• DATASET EXCERPT:
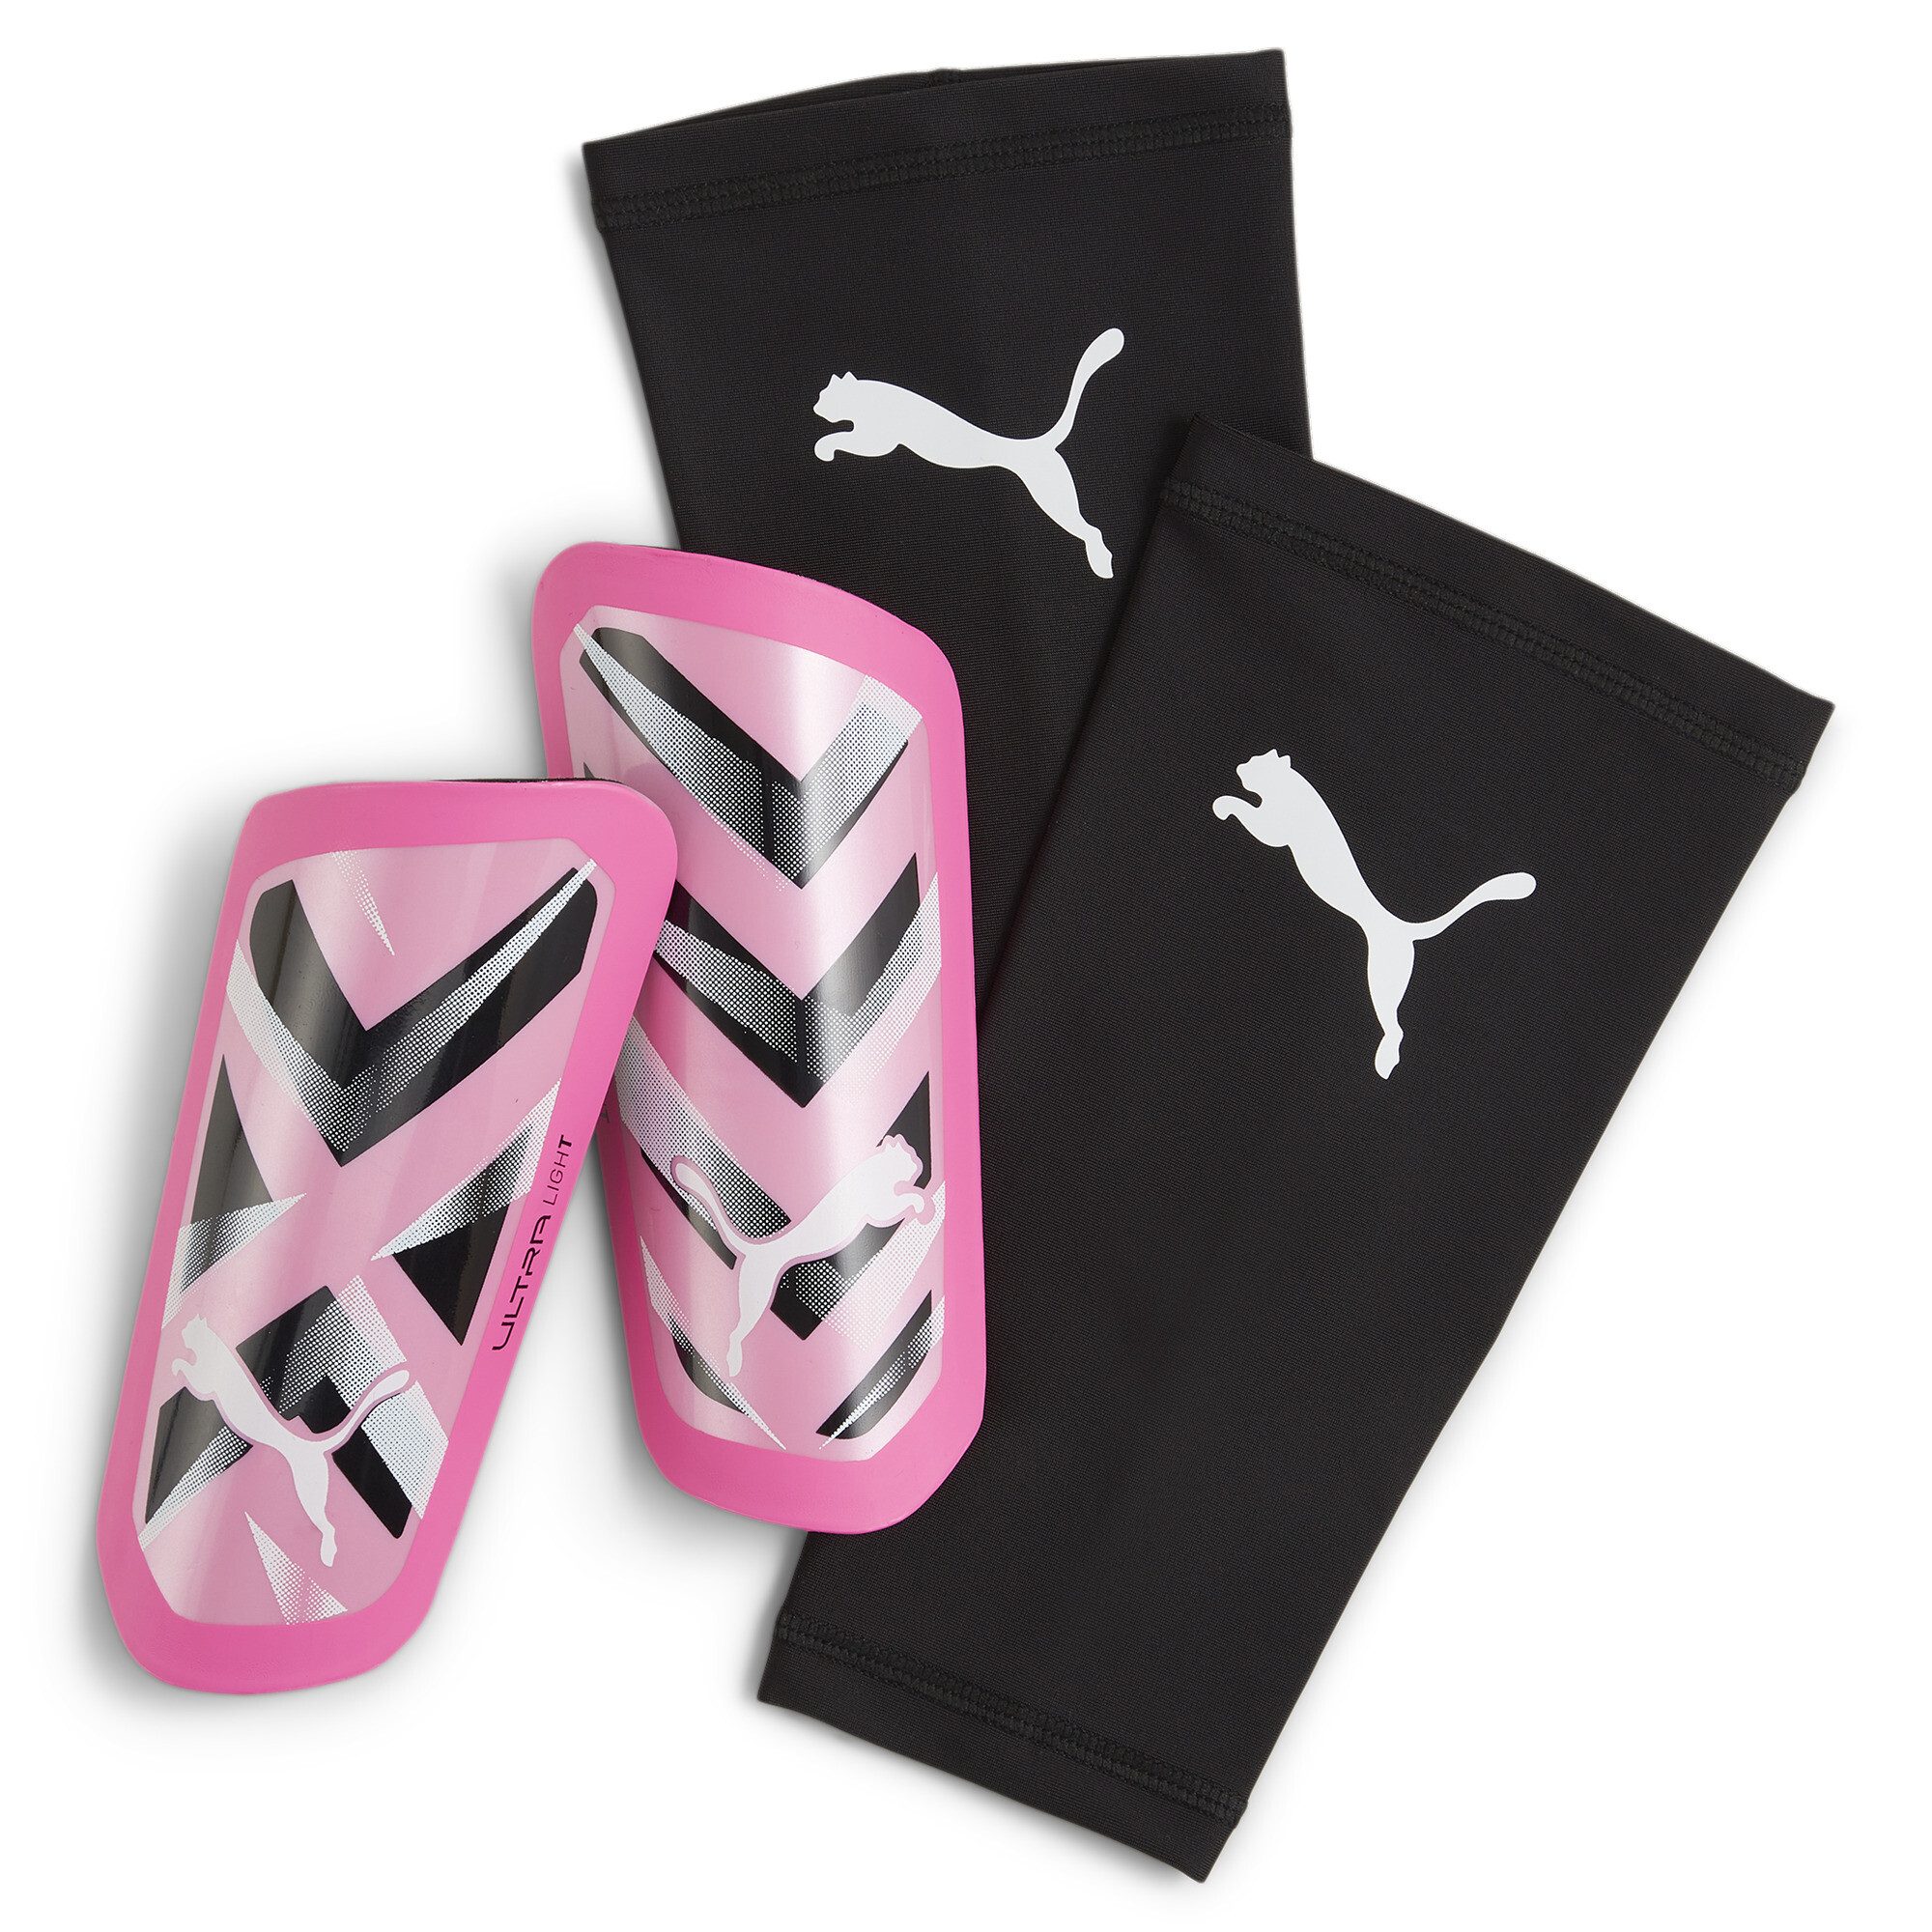 Puma ULTRA Light Sleeve Football Shin Guards, Pink, Size XL, Accessories
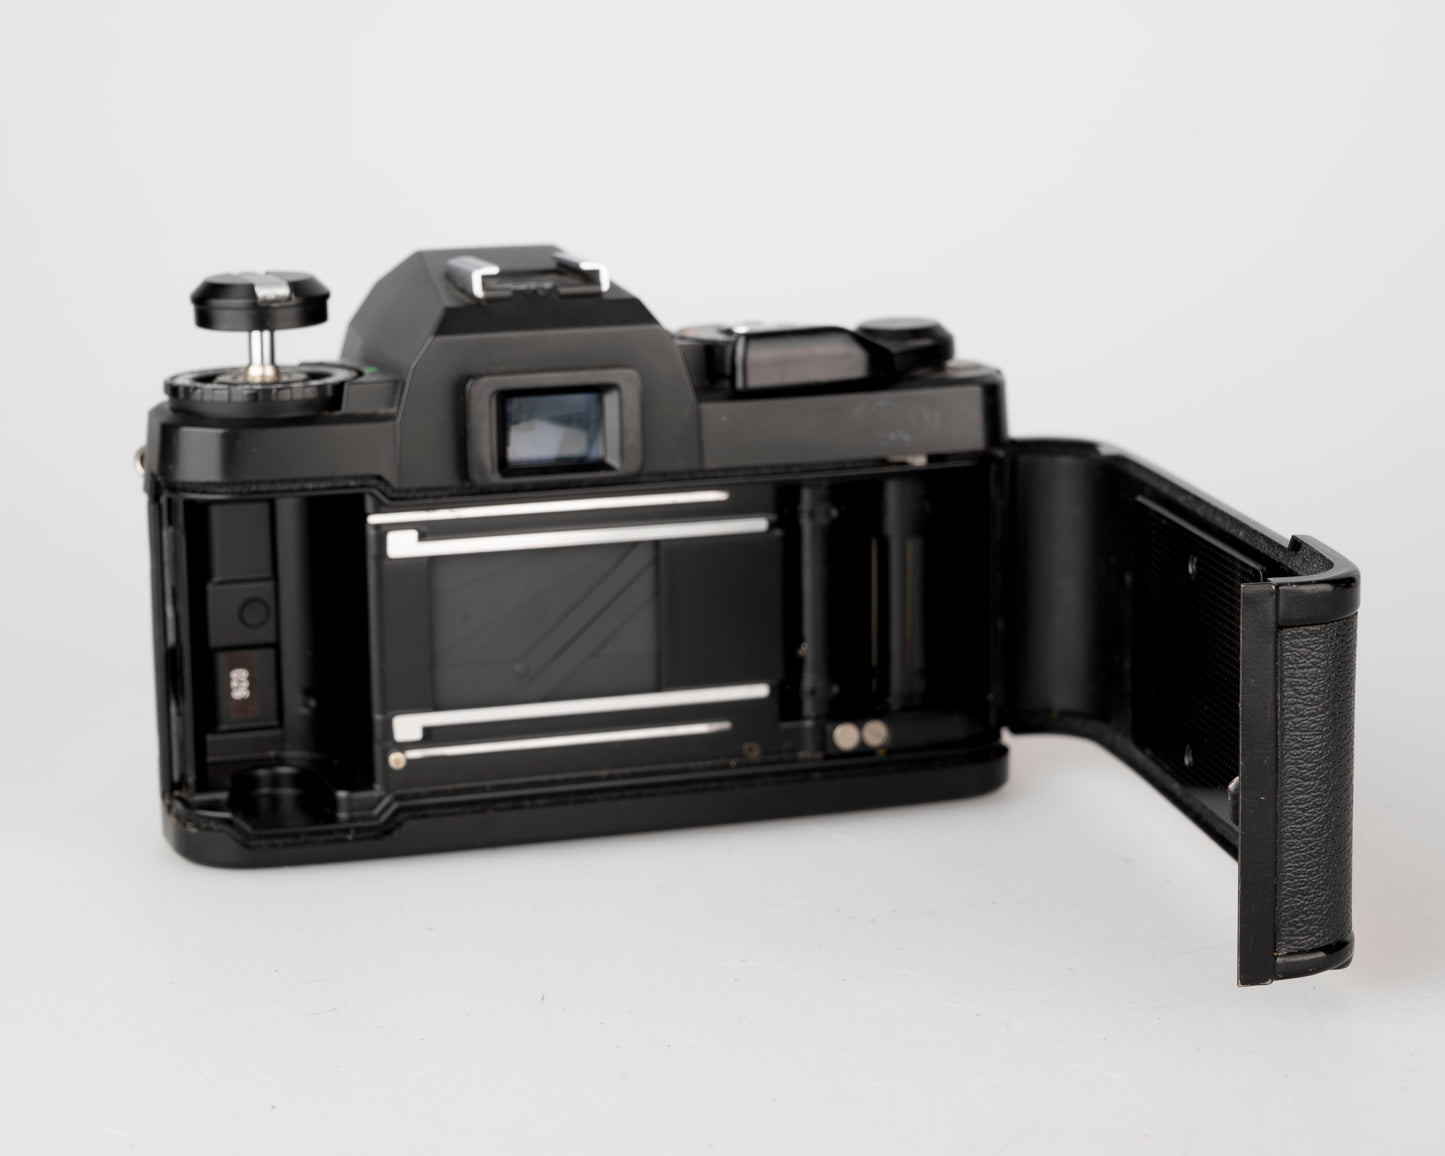 Chinon CG-5 35mm film SLR camera w/ Tokina 28mm lens (serial 324283)
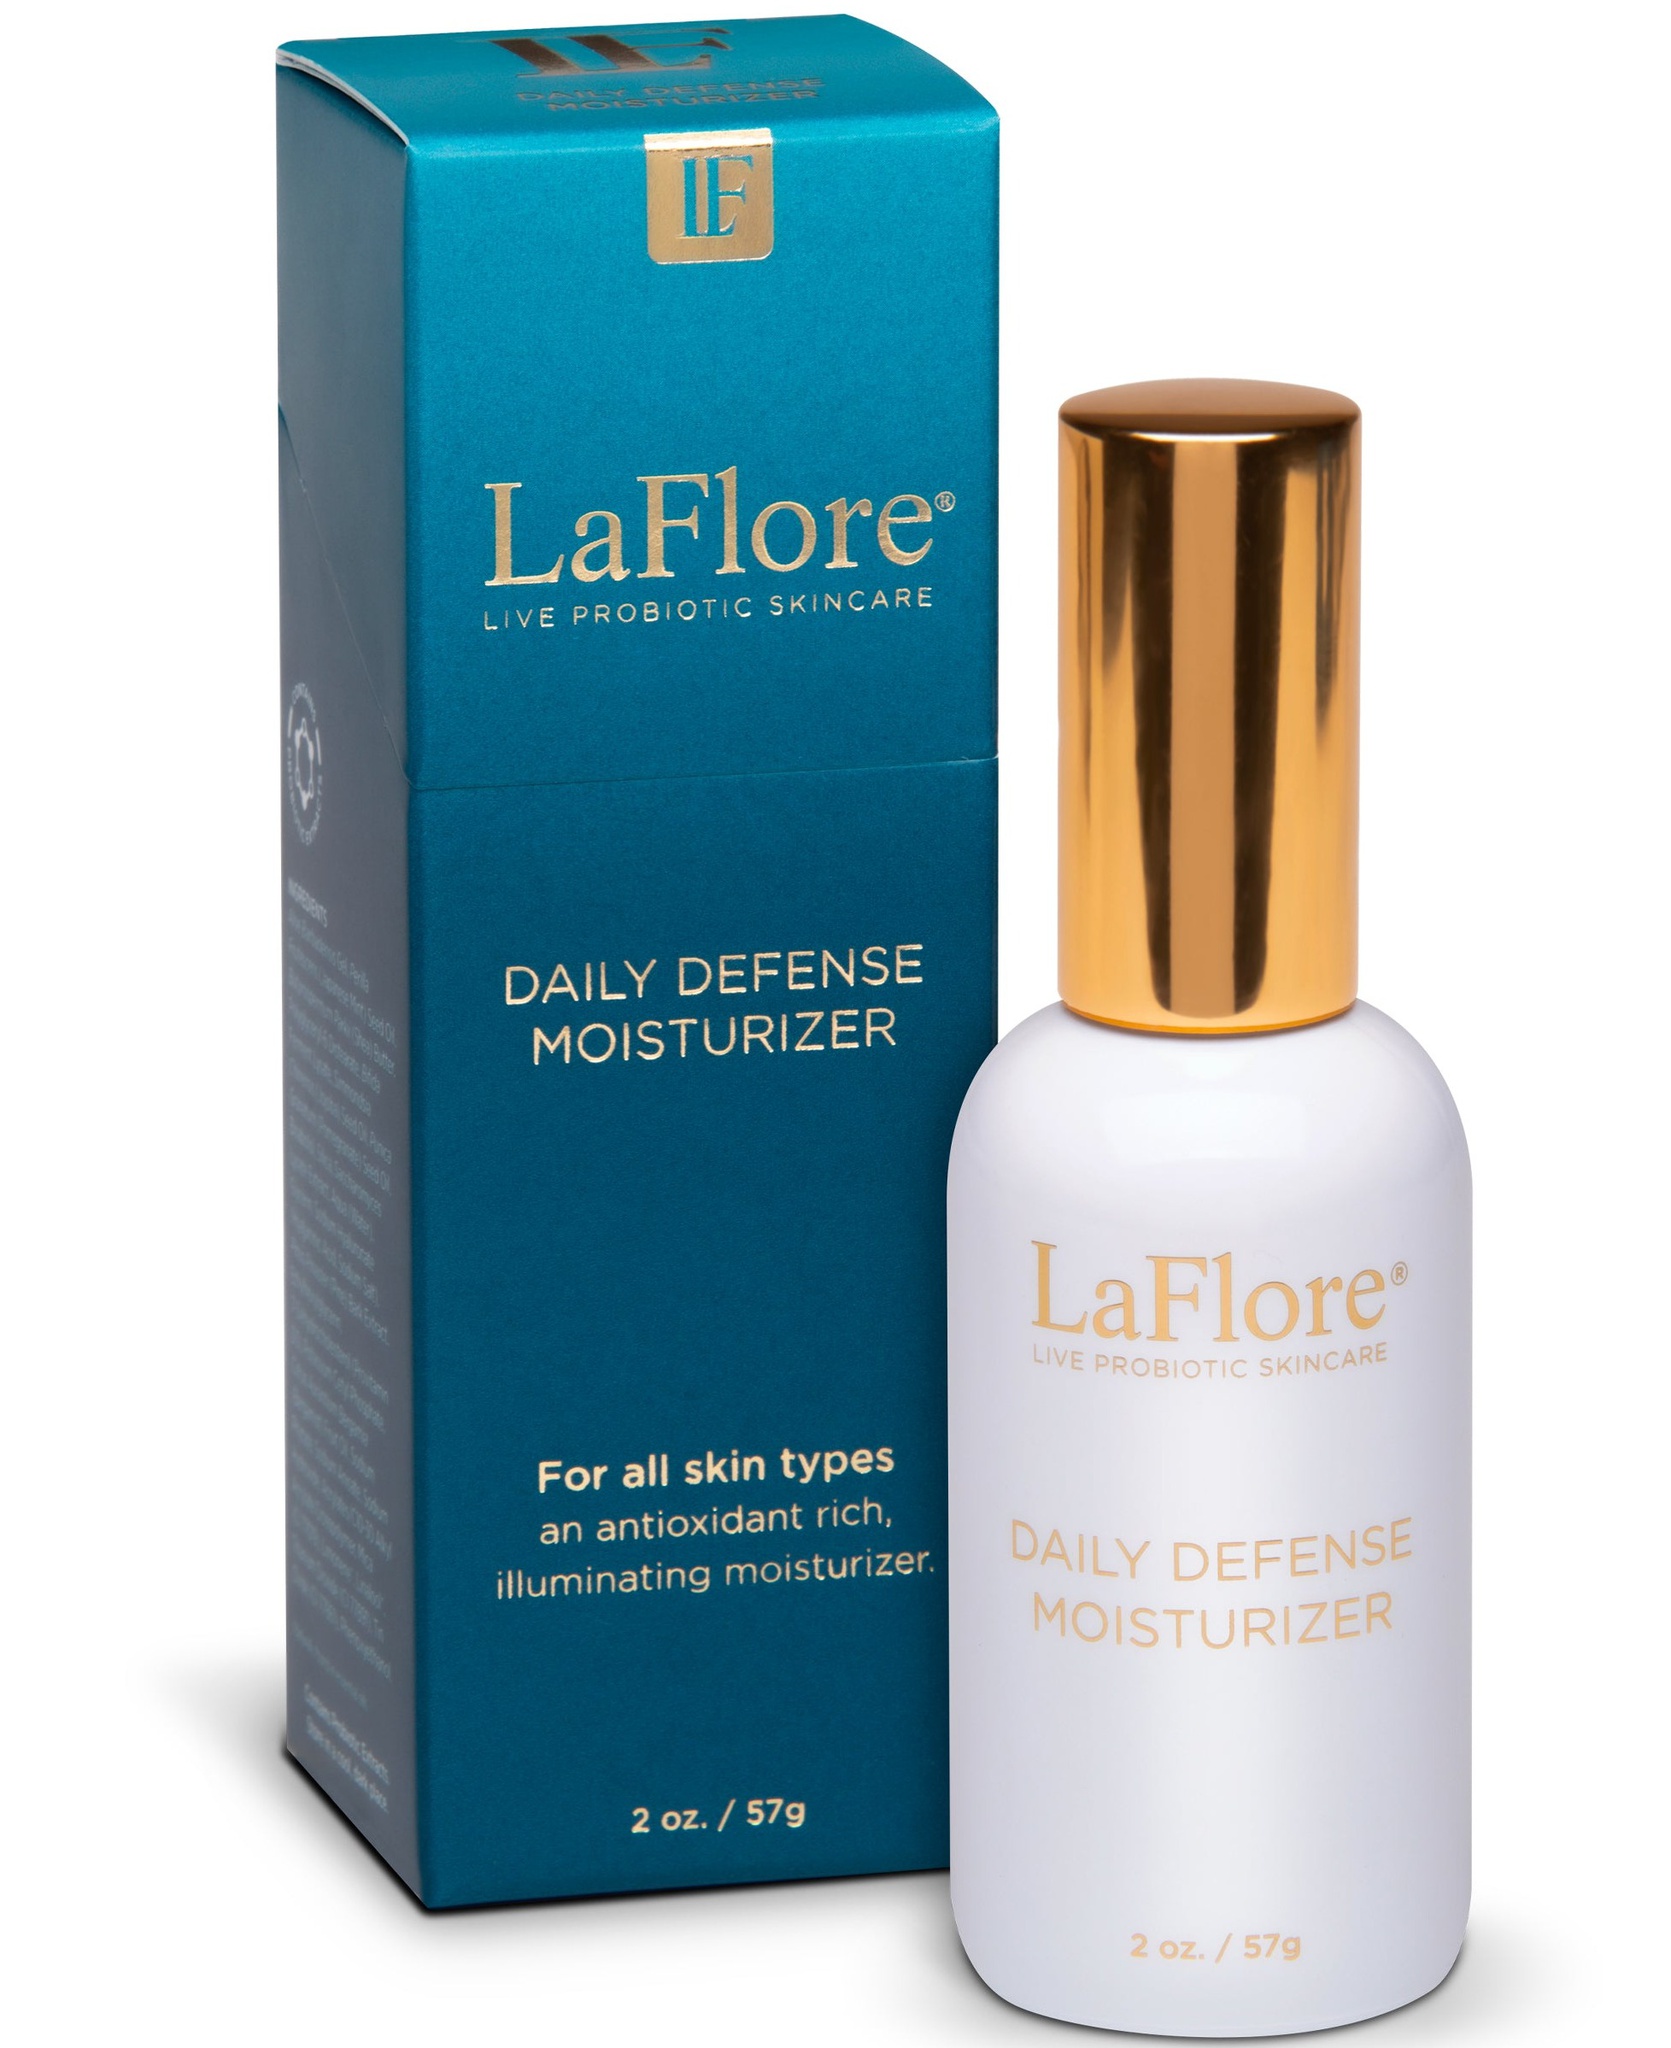 LaFlore Live Probiotic Skincare Daily Defense Moisturizer

• TASK DIRECTIONS: Please return all of the material above exactly, minus any pictures.

• TASK RESULT:
 Puma ULTRA Light Sleeve Football Shin Guards, Pink, Size XL, Accessories
 Chinon CG-5 35mm film SLR camera w/ Tokina 28mm lens (serial 324283)
 LaFlore Live Probiotic Skincare Daily Defense Moisturizer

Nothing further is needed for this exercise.